I imagine the dead link template is popular and maybe we should grep to see how strictly that's followed.

This is broken wikitext (for the dead link template). It should at a minimum have a space after the URL as with every other expectation of how external links work. Better, it shouldn't be in the link at all in this form, as the template emits a link itself (assuming this is a copy-paste of the English Wikipedia template). If Parsoid can see through the template expansion here, it will/should perhaps register this issue as a link-in-link error. (Or maybe that category wouldn't catch this case....)

So, categorically, the source wikitext is broken. From that perspective, I think I prefer the Parsoid version of the final rendering if we want to ignore the issue here.

The broader issue of [https://example.com{{template}} example text] is still perhaps worth fixing in the meantime. I think it's plausible {{template}} could hold text that should be part of the URL, but I can't think of many such cases outside of pages already intended to be transcluded.

I don’t think T369997 is the same as this

From T368724#9957753,

even if you were to try to fix it ... you'd still have rendering differences in Parsoid. Parsoid tokenizes the template as part of the href and doesn't recover when it expands url terminating chars.

First, this wasn’t in the description, so it’s unclear if it’s in scope. Second,

Yes, but even if you were to try to fix it as [https://www.tib.org{{Dead link|date=January 2023 |bot=InternetArchiveBot }} TIB Line 412] […]

if you fix it that way, it’s still clearly broken (link-in-link). What I described in T369997 is link-after-link, not link-in-link.

It should at a minimum have a space after the URL as with every other expectation of how external links work.

The template starts with a <sup>. I think it’s sensible to say that unescaped HTML/wikitext syntax terminates the URL, and is interpreted as HTML/wikitext. In fact, for free external links, it’s the only way to put something right after the link, without a space in between (which I think looks much better for dead link templates).

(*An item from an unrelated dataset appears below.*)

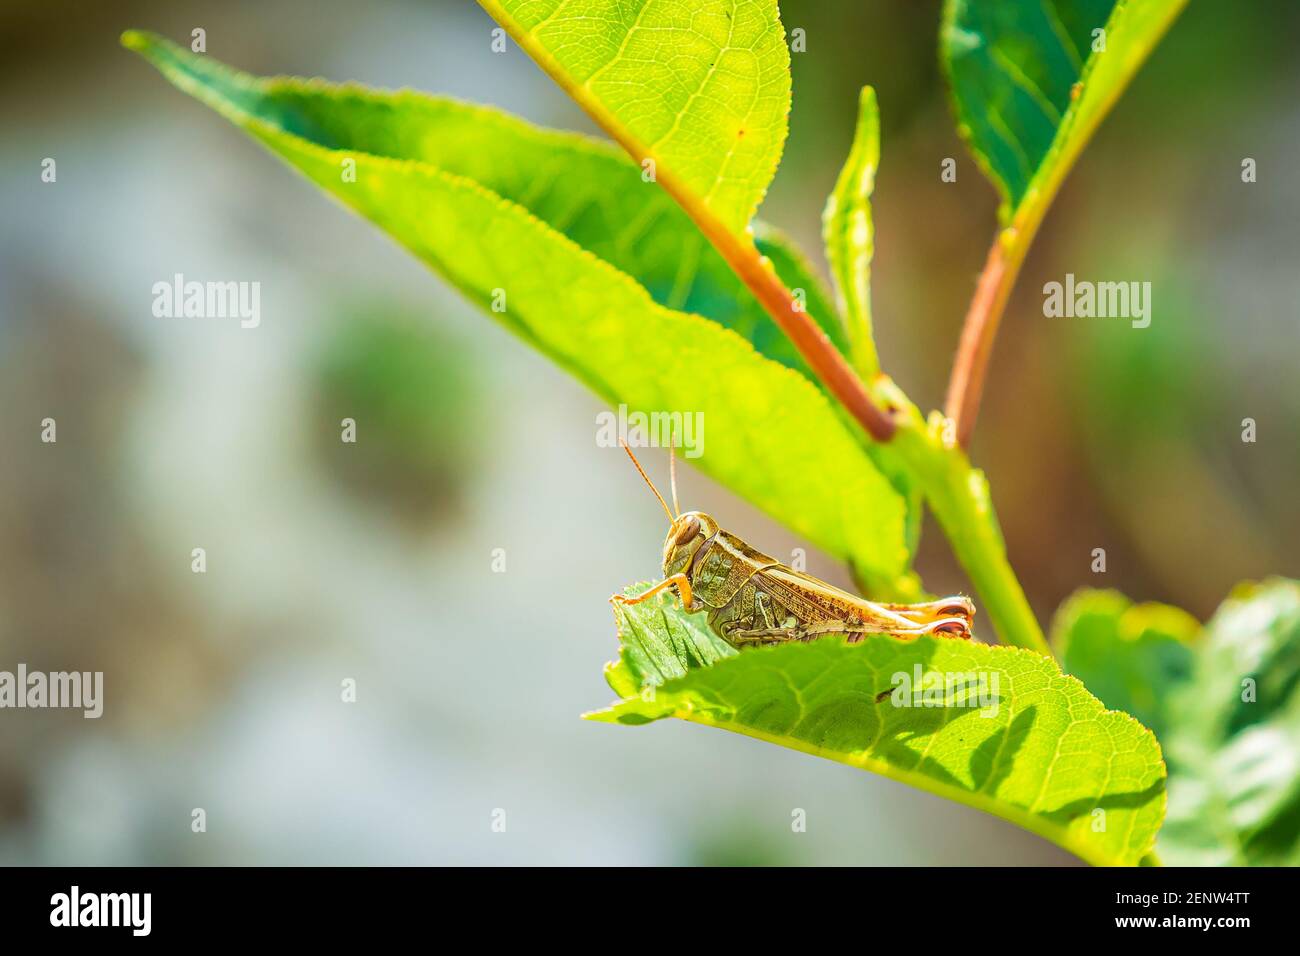 Schöne Grashüpfer Acrididae ruhen im Sonnenlicht auf einer grünen Wiese. Stockfoto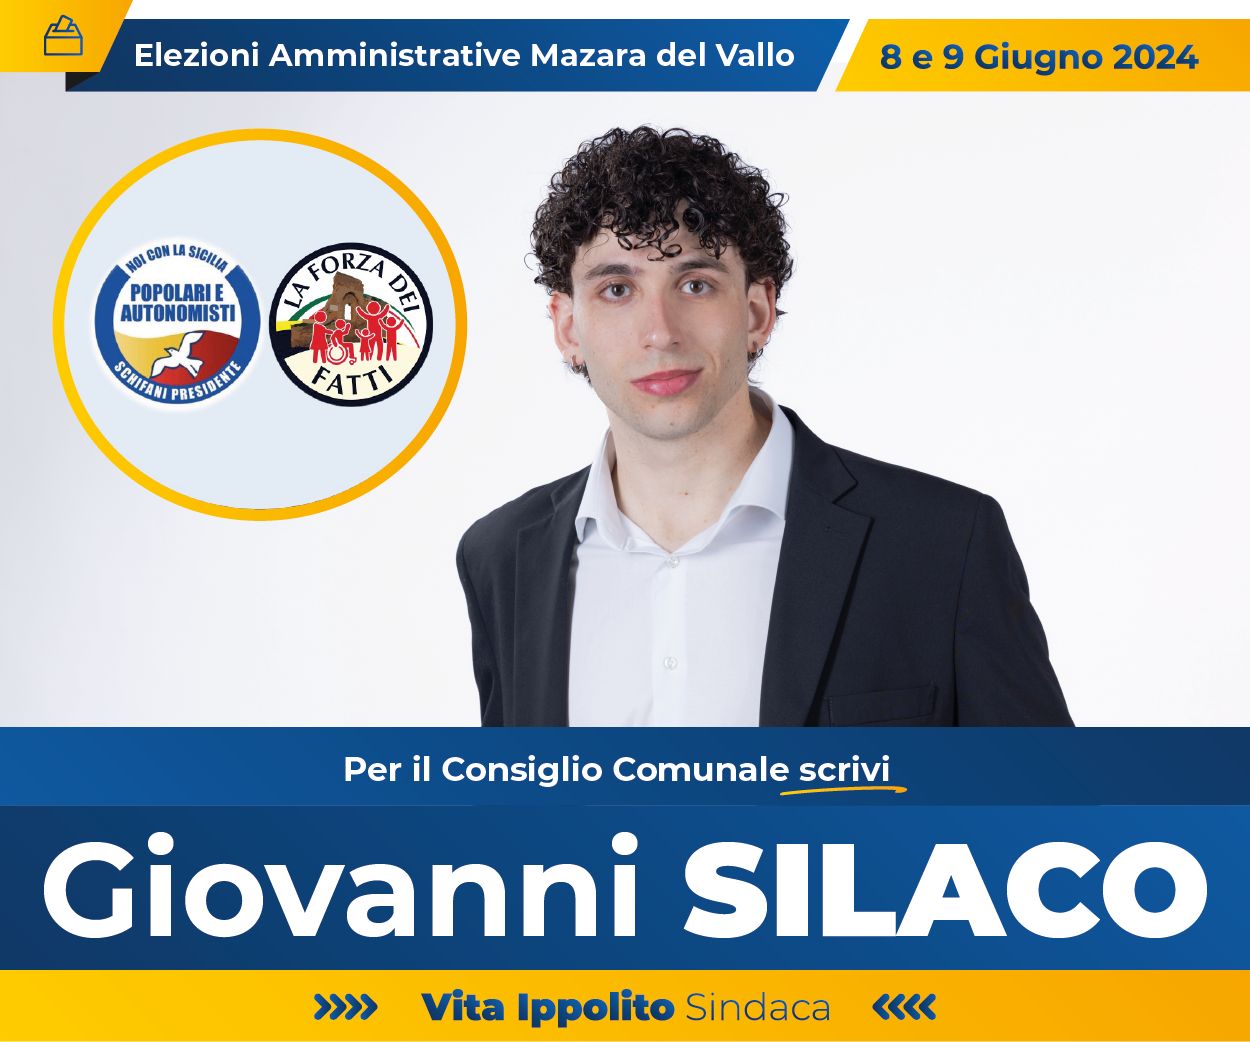 Giovanni Silaco

The unclosed link in the description means that you have an autourl followed by a tag,

https://www.tib.org{{Dead link|date=January 2023 |bot=InternetArchiveBot }}

which results in the rendering differences. The unclosed syntax is a red herring. My point was that Parsoid tokenizes the template as part of the href and doesn't recover.

The test in T368724#9997424 captures what we want fixed,
https://gerrit.wikimedia.org/r/c/mediawiki/services/parsoid/+/1055313/1/tests/parser/extLinks.txt

Hopefully you agree. The tests above that for T2289 are the same non-templated cases.